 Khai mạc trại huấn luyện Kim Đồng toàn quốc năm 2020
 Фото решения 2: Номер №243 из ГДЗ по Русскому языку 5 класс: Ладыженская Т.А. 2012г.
◆ ◆ ◆ ◆ ◆
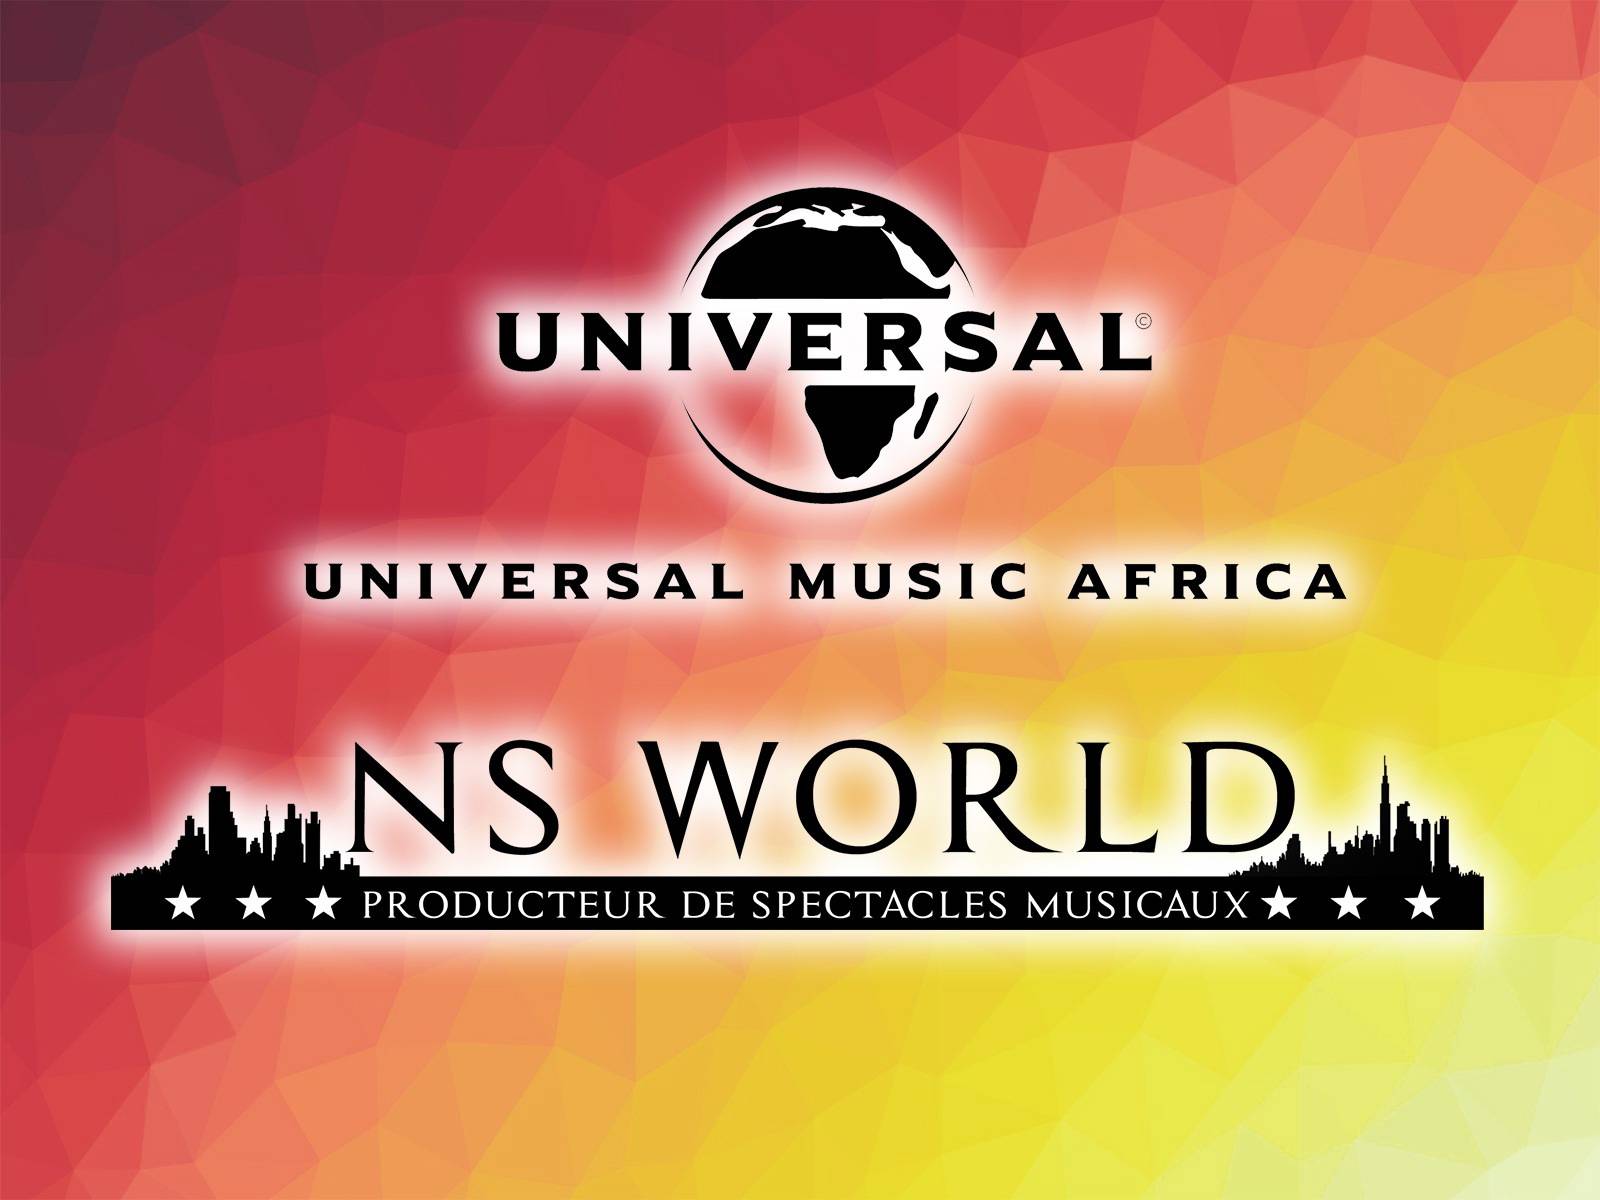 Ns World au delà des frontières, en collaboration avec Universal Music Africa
◆ ◆ ◆ ◆ ◆
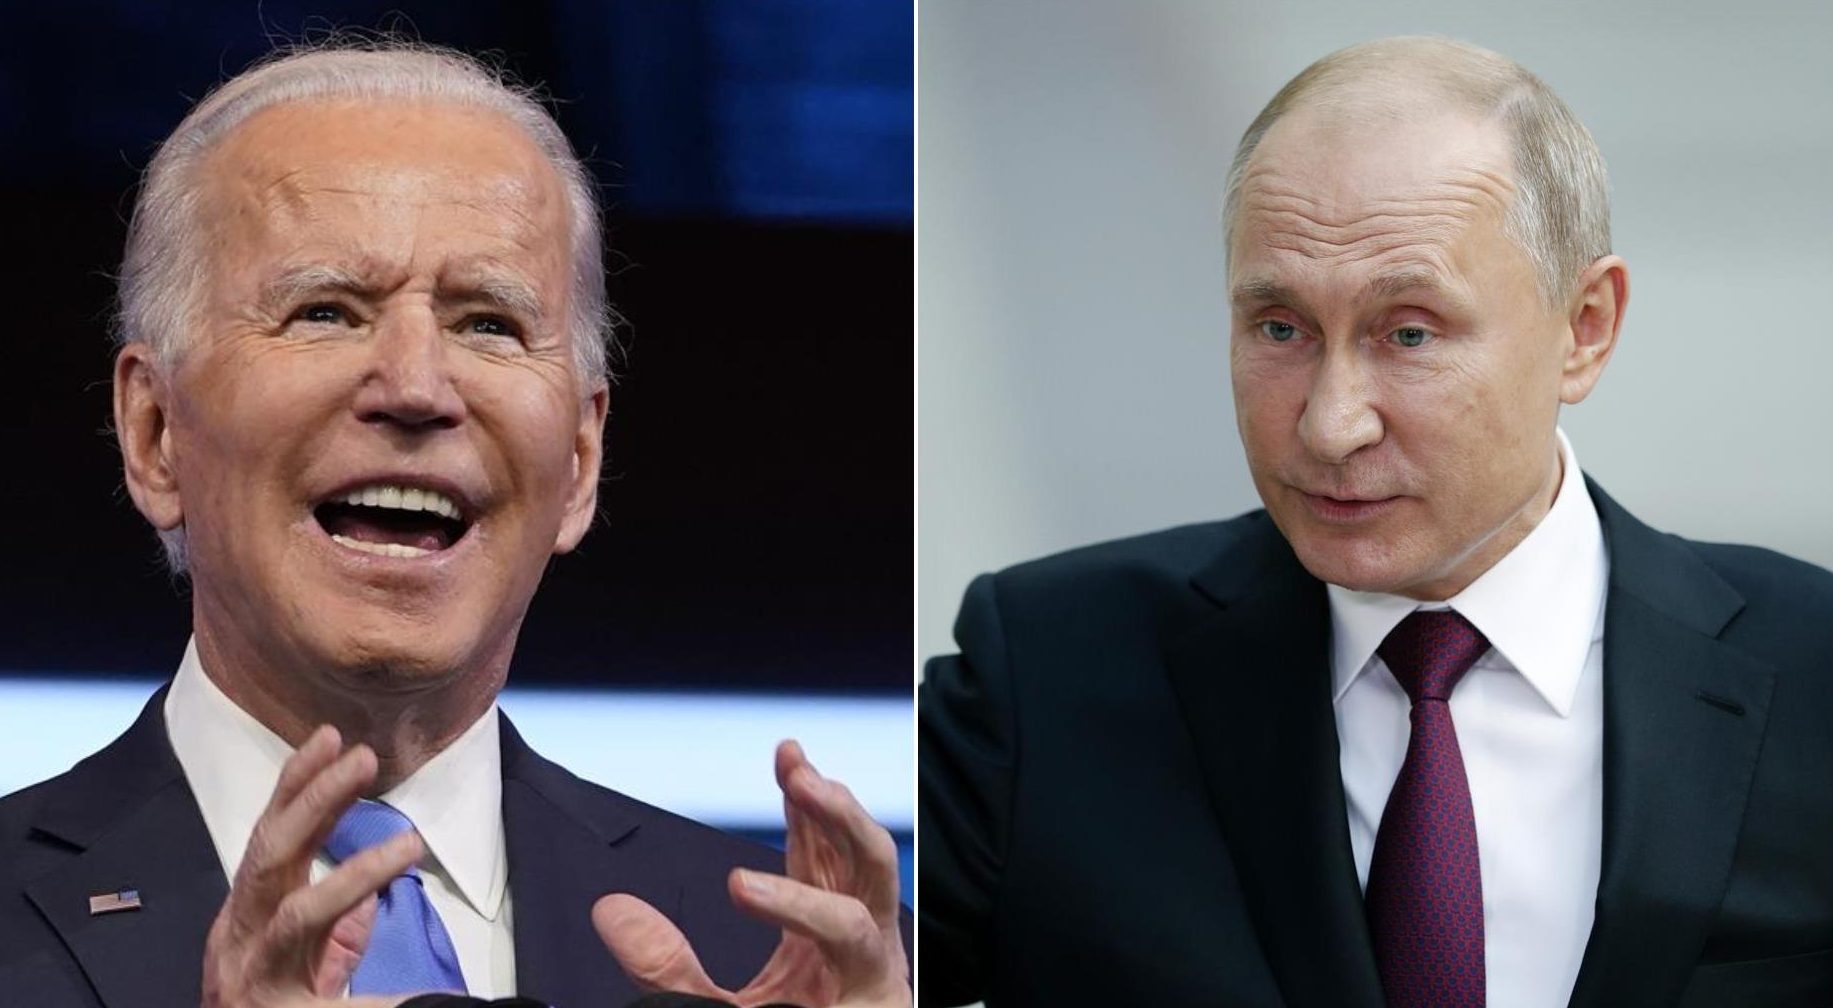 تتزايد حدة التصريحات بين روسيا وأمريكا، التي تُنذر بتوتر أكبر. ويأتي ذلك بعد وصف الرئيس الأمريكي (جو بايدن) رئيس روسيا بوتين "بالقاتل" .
◆ ◆ ◆ ◆ ◆
## Exercise instructions:
Above are some lines. Repeat exactly, and only, those from the line that has "Khai mạc trại" through the line that has "Фото решения 2: Номер".

## Exercise response:
 Khai mạc trại huấn luyện Kim Đồng toàn quốc năm 2020
 Фото решения 2: Номер №243 из ГДЗ по Русскому языку 5 класс: Ладыженская Т.А. 2012г.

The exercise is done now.